▶ _DATA SEGMENT_
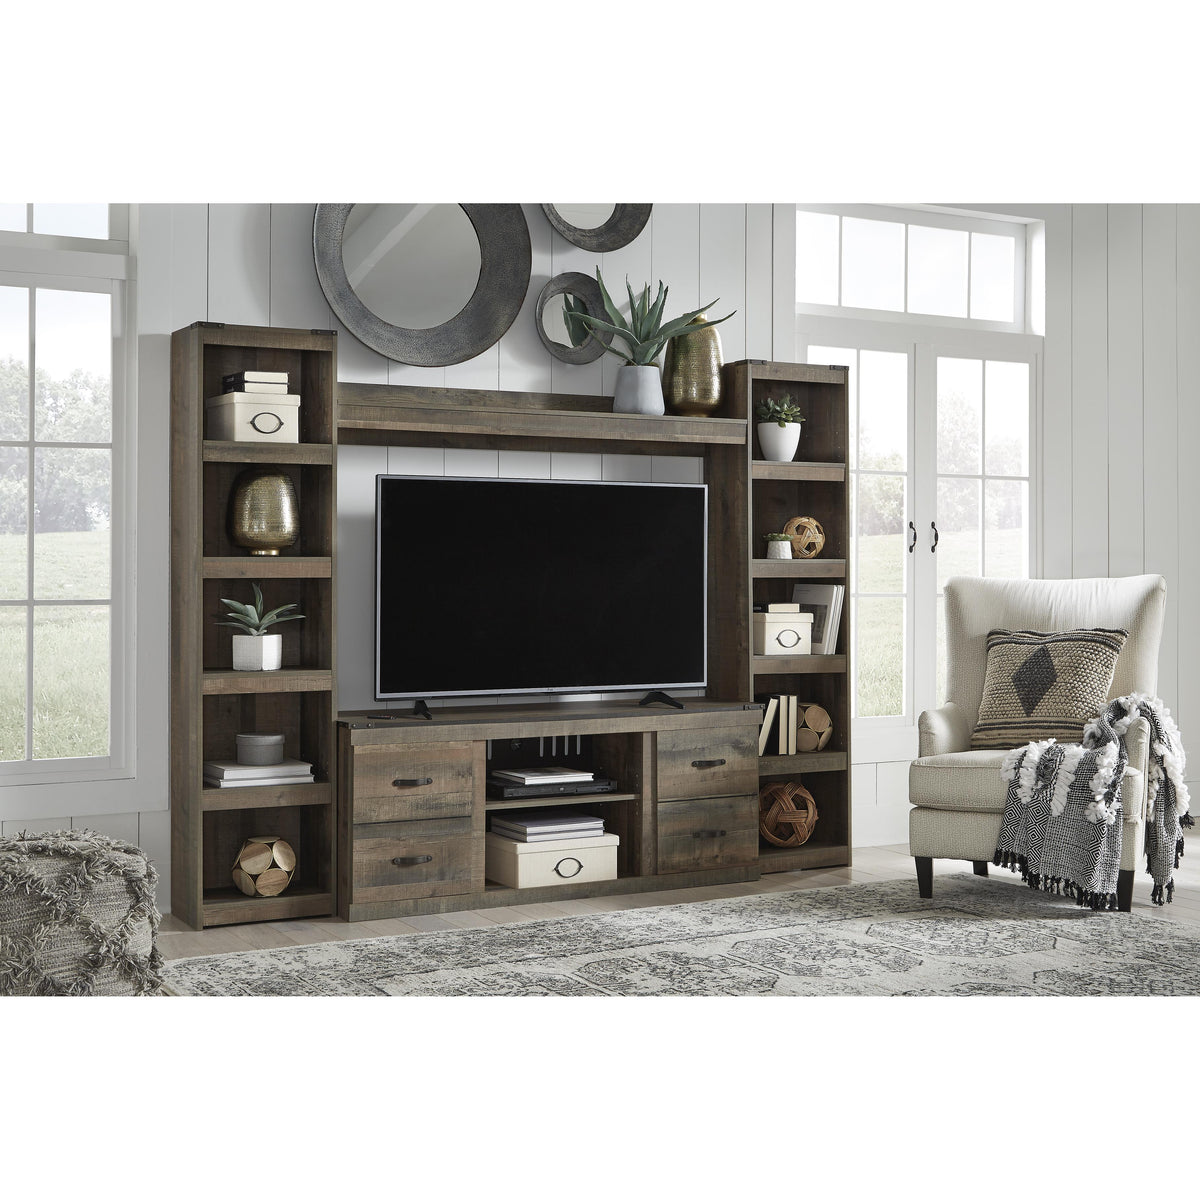 Signature Design by Ashley Trinell EW0446W7 4 pc Entertainment Center
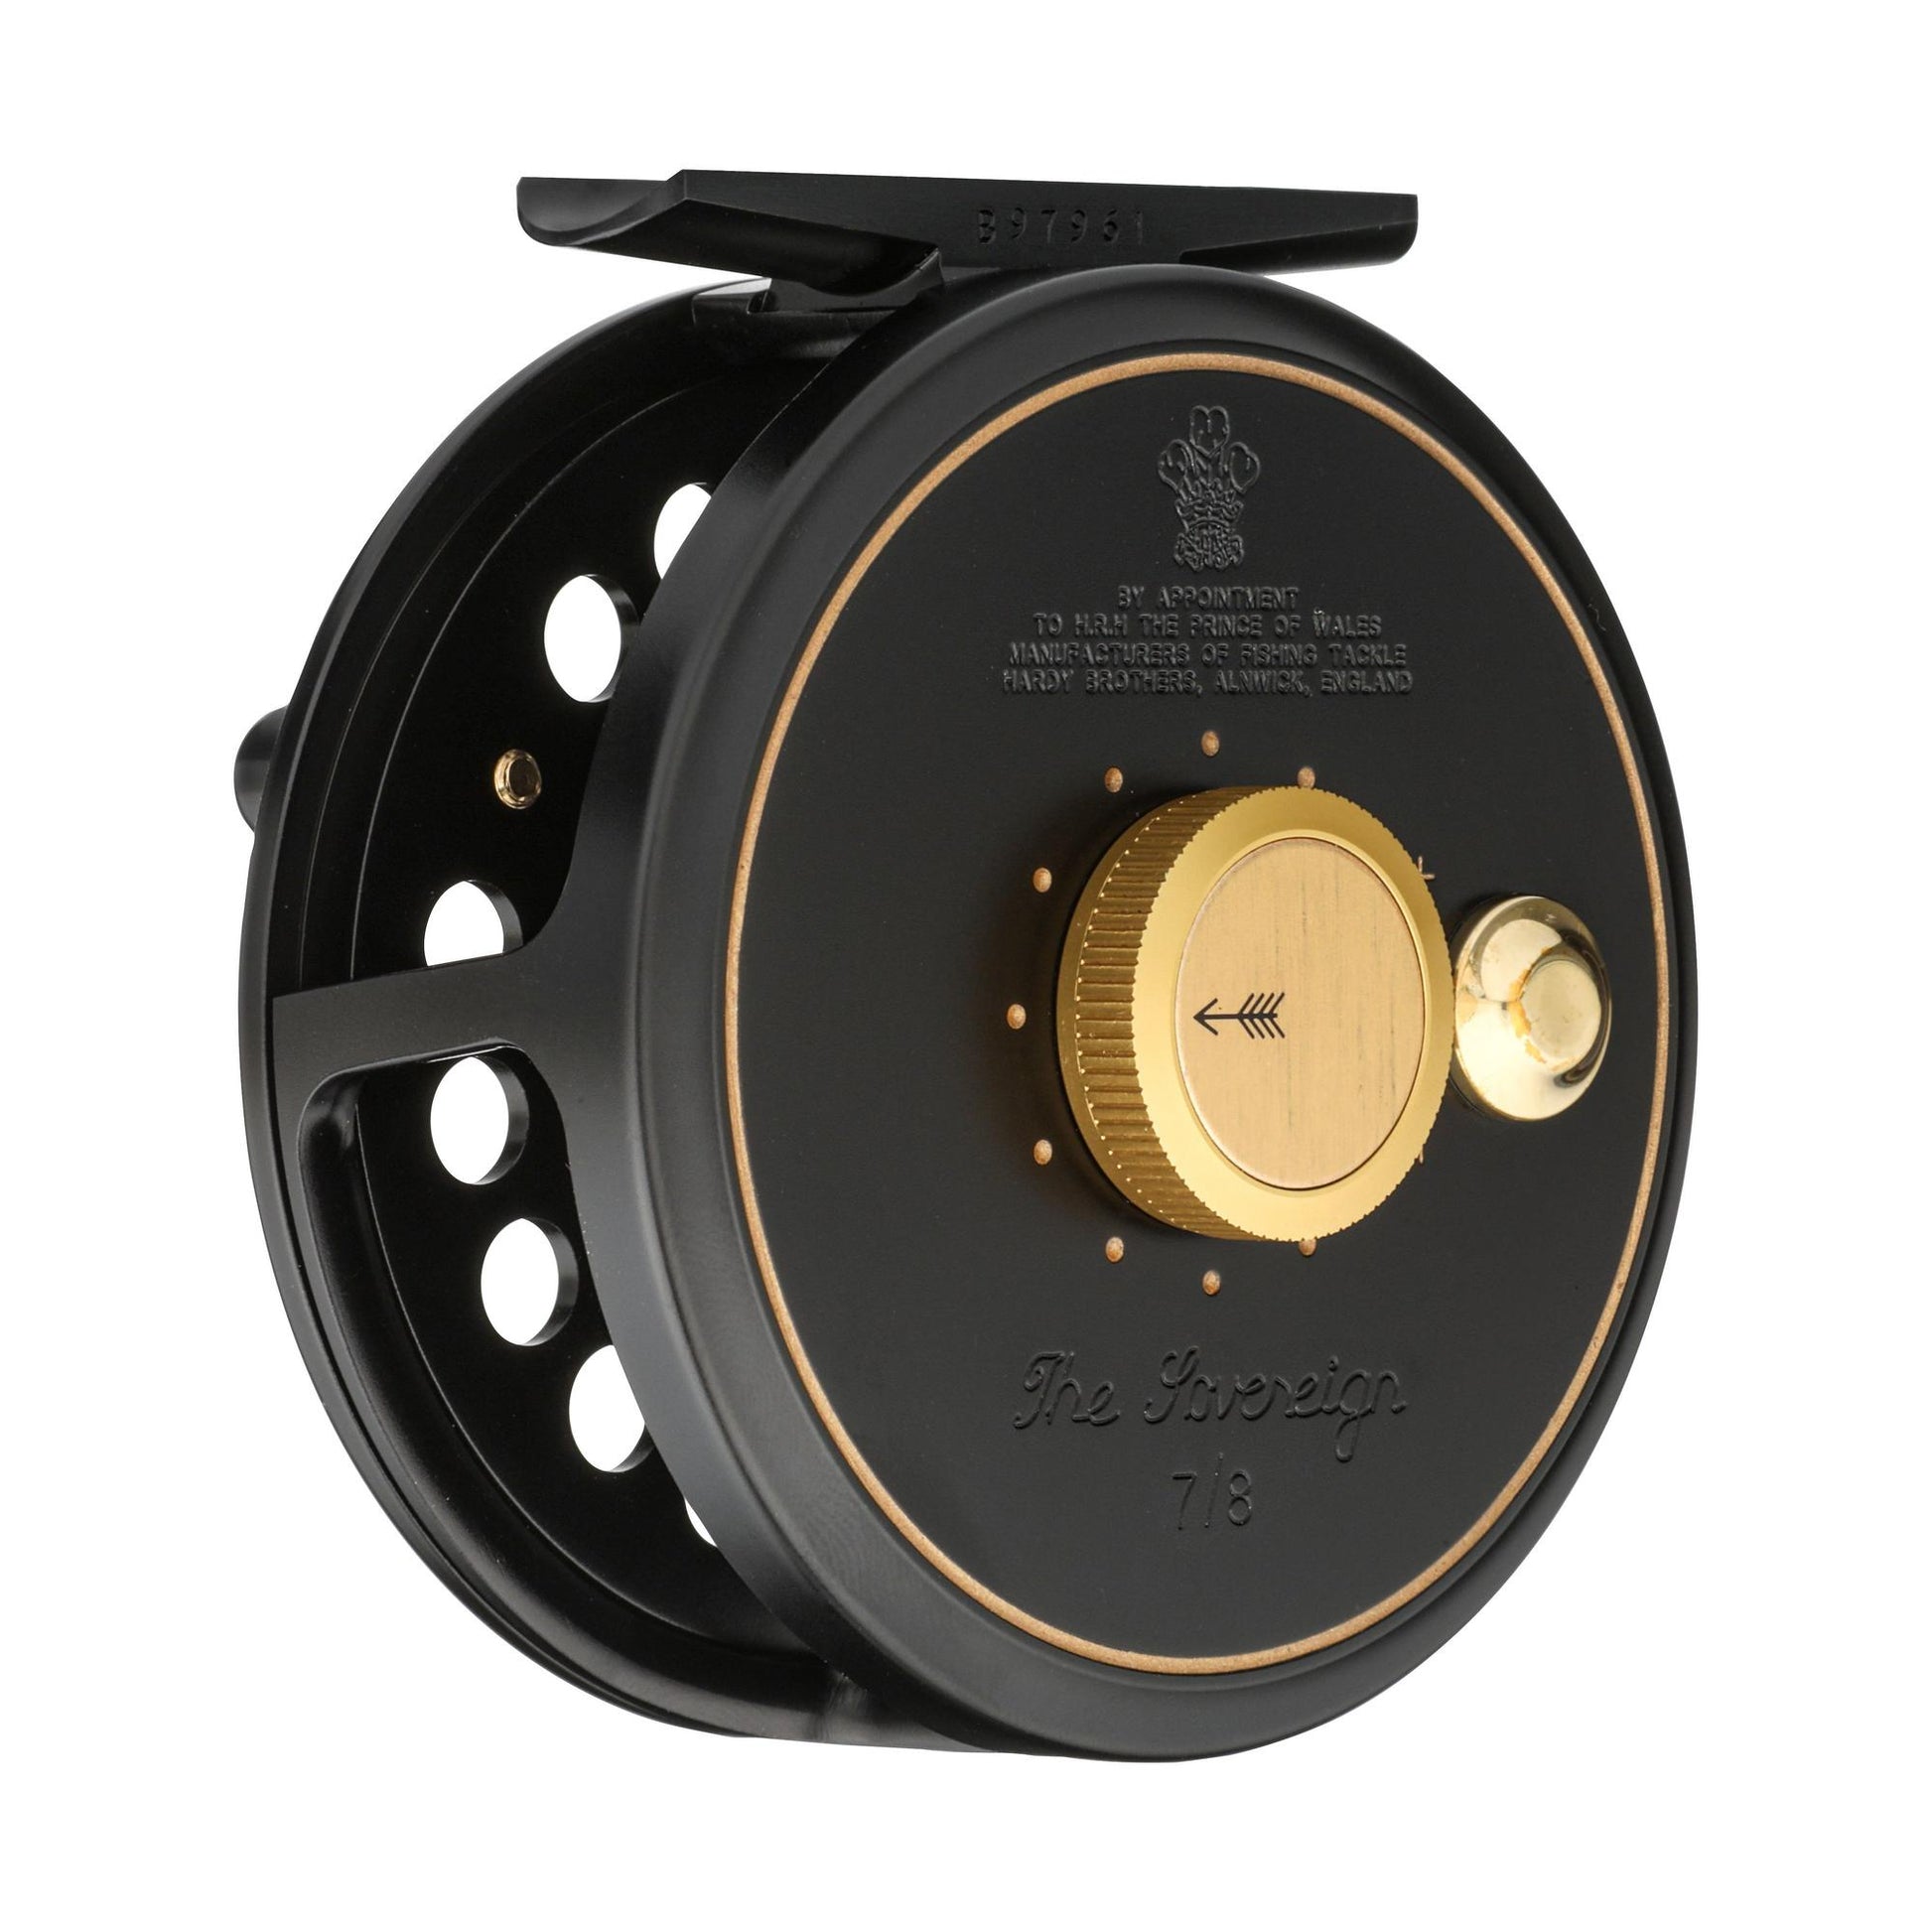 sold SCIENTIFIC ANGLERS MASTERY SERIES 6-7wt FLY REEL, ENGLAND
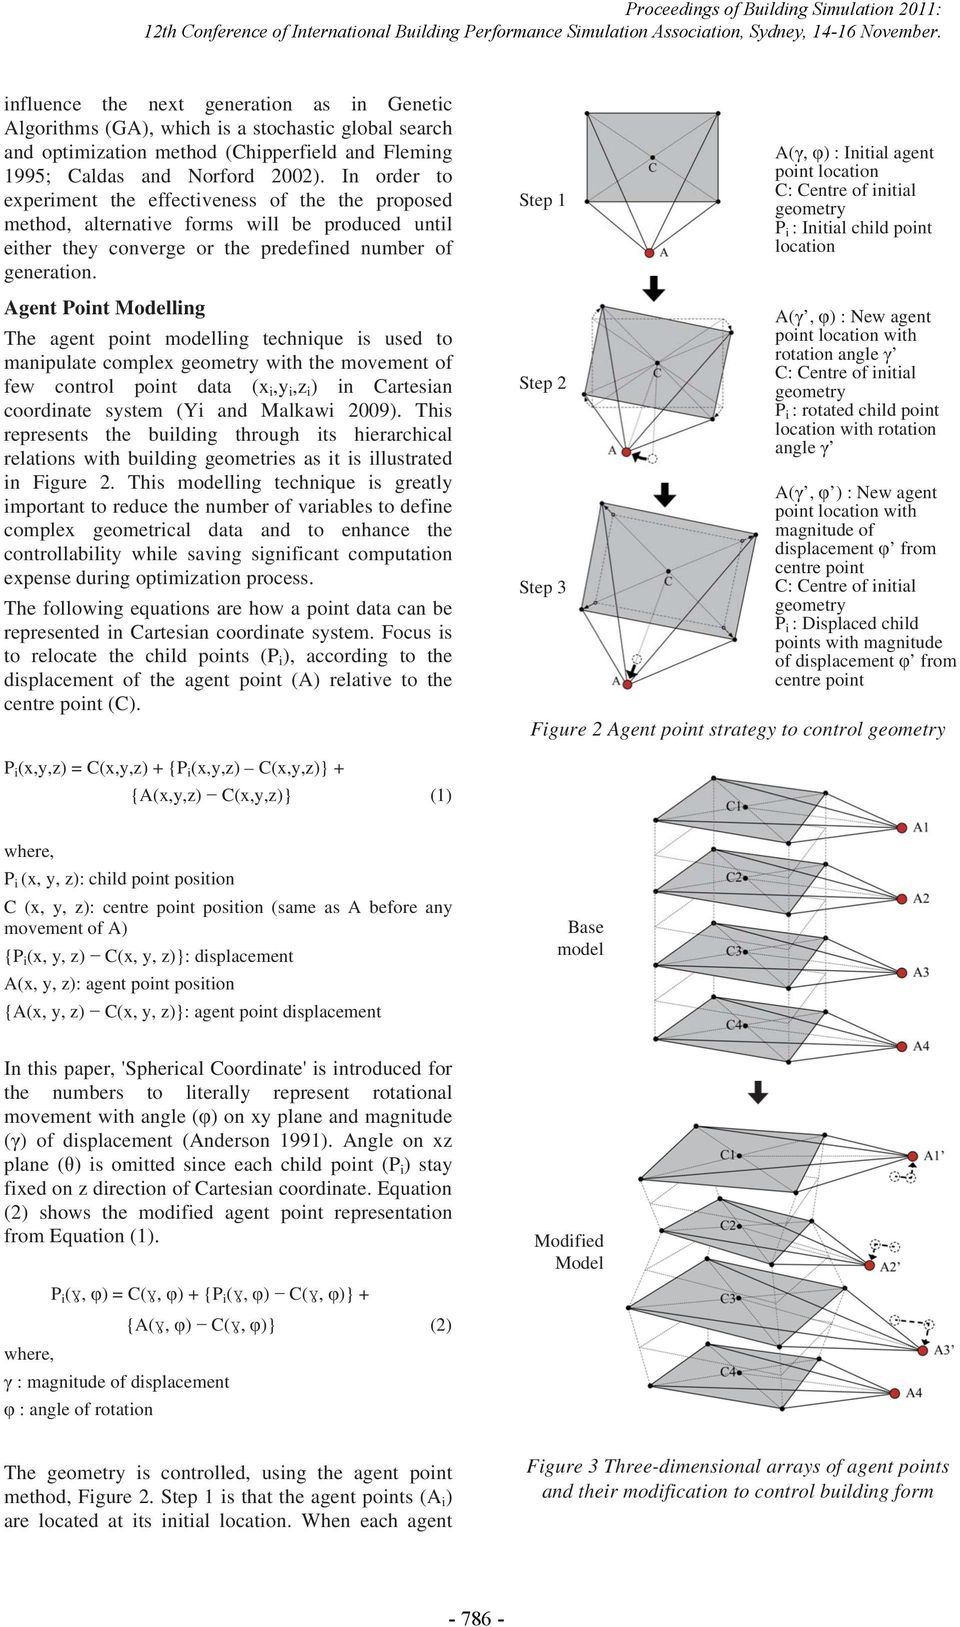 Agent Point Modelling The agent point modelling technique is used to manipulate complex geometry with the movement of few control point data (xi,yi,zi) in Cartesian coordinate system (Yi and Malkawi
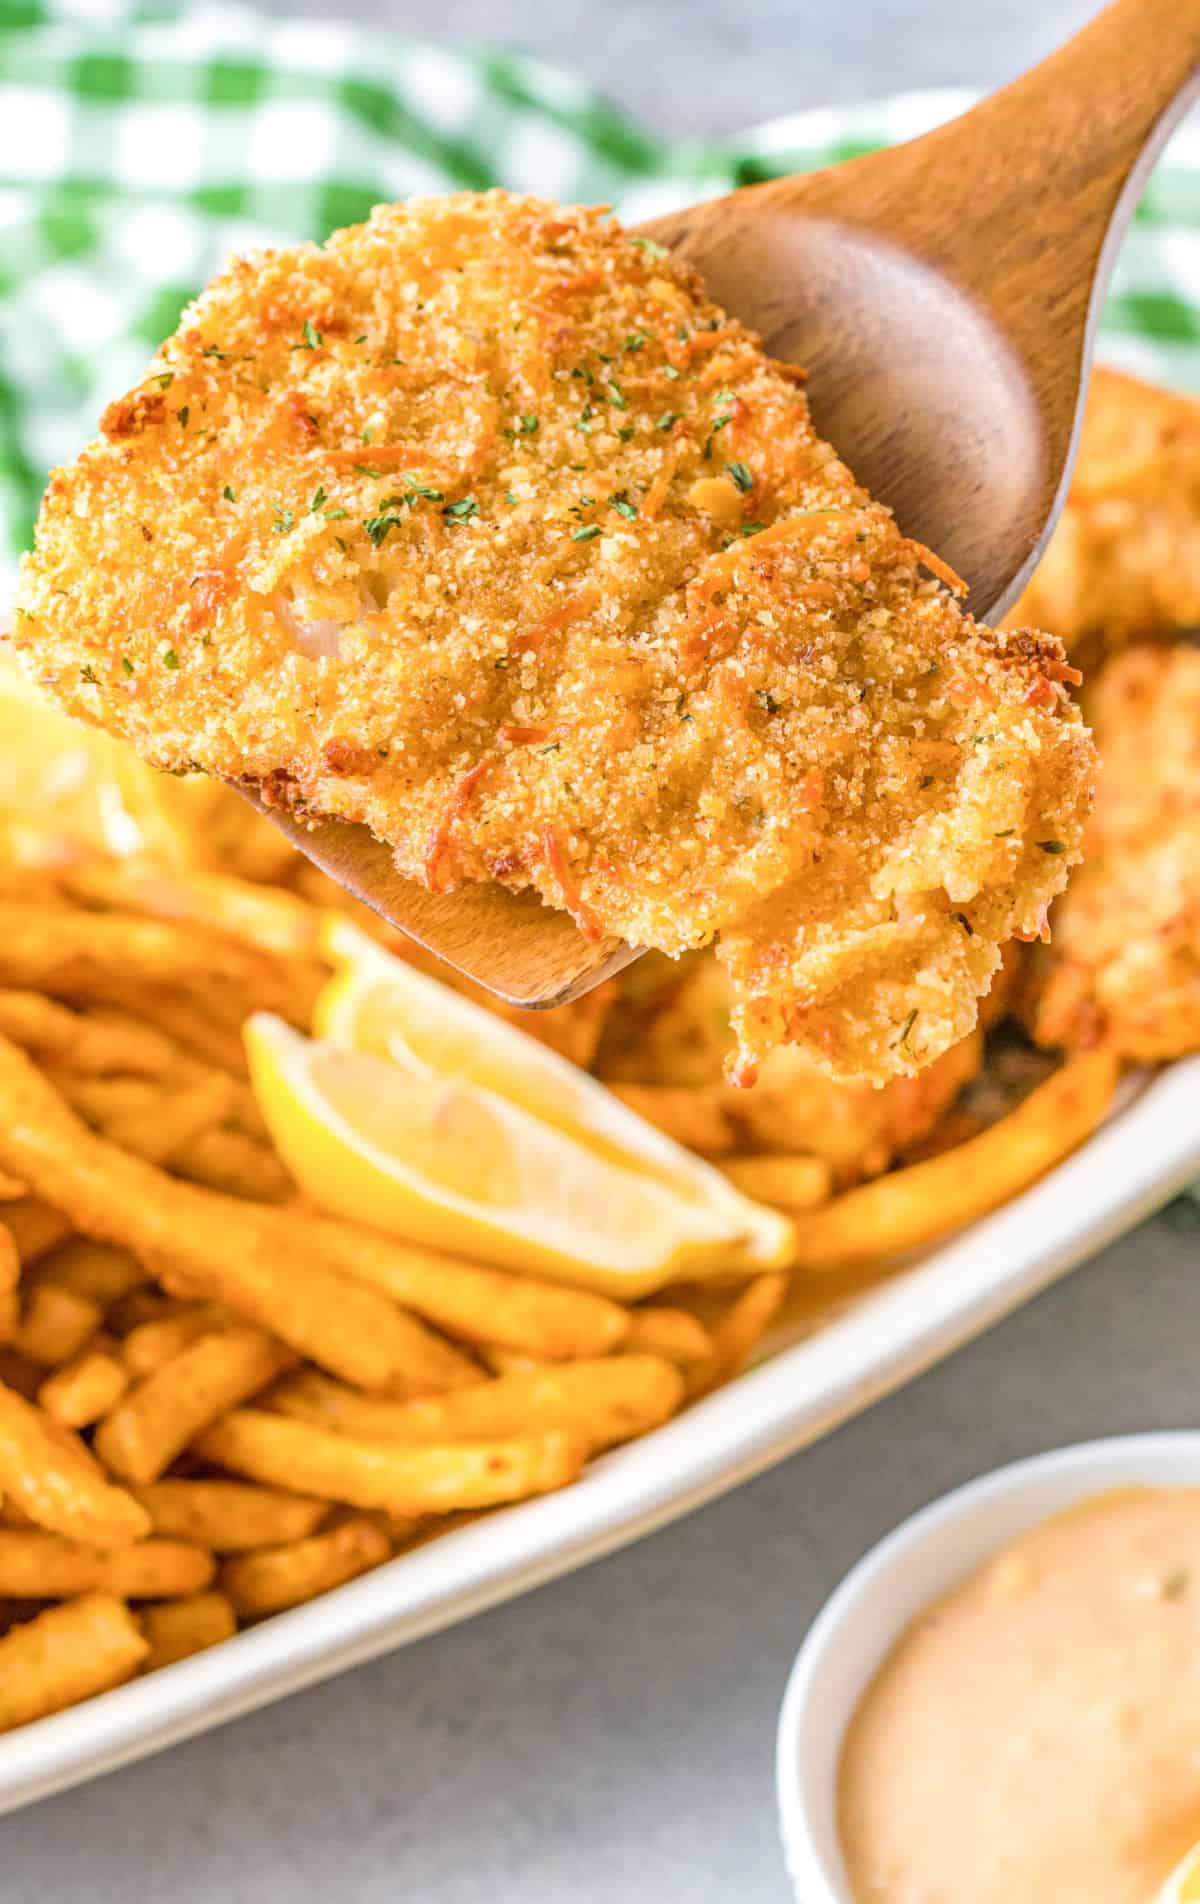 A close up photo of a wooden spatula picking up a breaded fish filet.

▶ _EXERCISE GOAL_
Line by line, return the listing above exactly, dropping every picture.

▶ _EXERCISE SOLUTION_
 Signature Design by Ashley Trinell EW0446W7 4 pc Entertainment Center
 sold SCIENTIFIC ANGLERS MASTERY SERIES 6-7wt FLY REEL, ENGLAND
 Agent Point Modelling The agent point modelling technique is used to manipulate complex geometry with the movement of few control point data (xi,yi,zi) in Cartesian coordinate system (Yi and Malkawi
 A close up photo of a wooden spatula picking up a breaded fish filet.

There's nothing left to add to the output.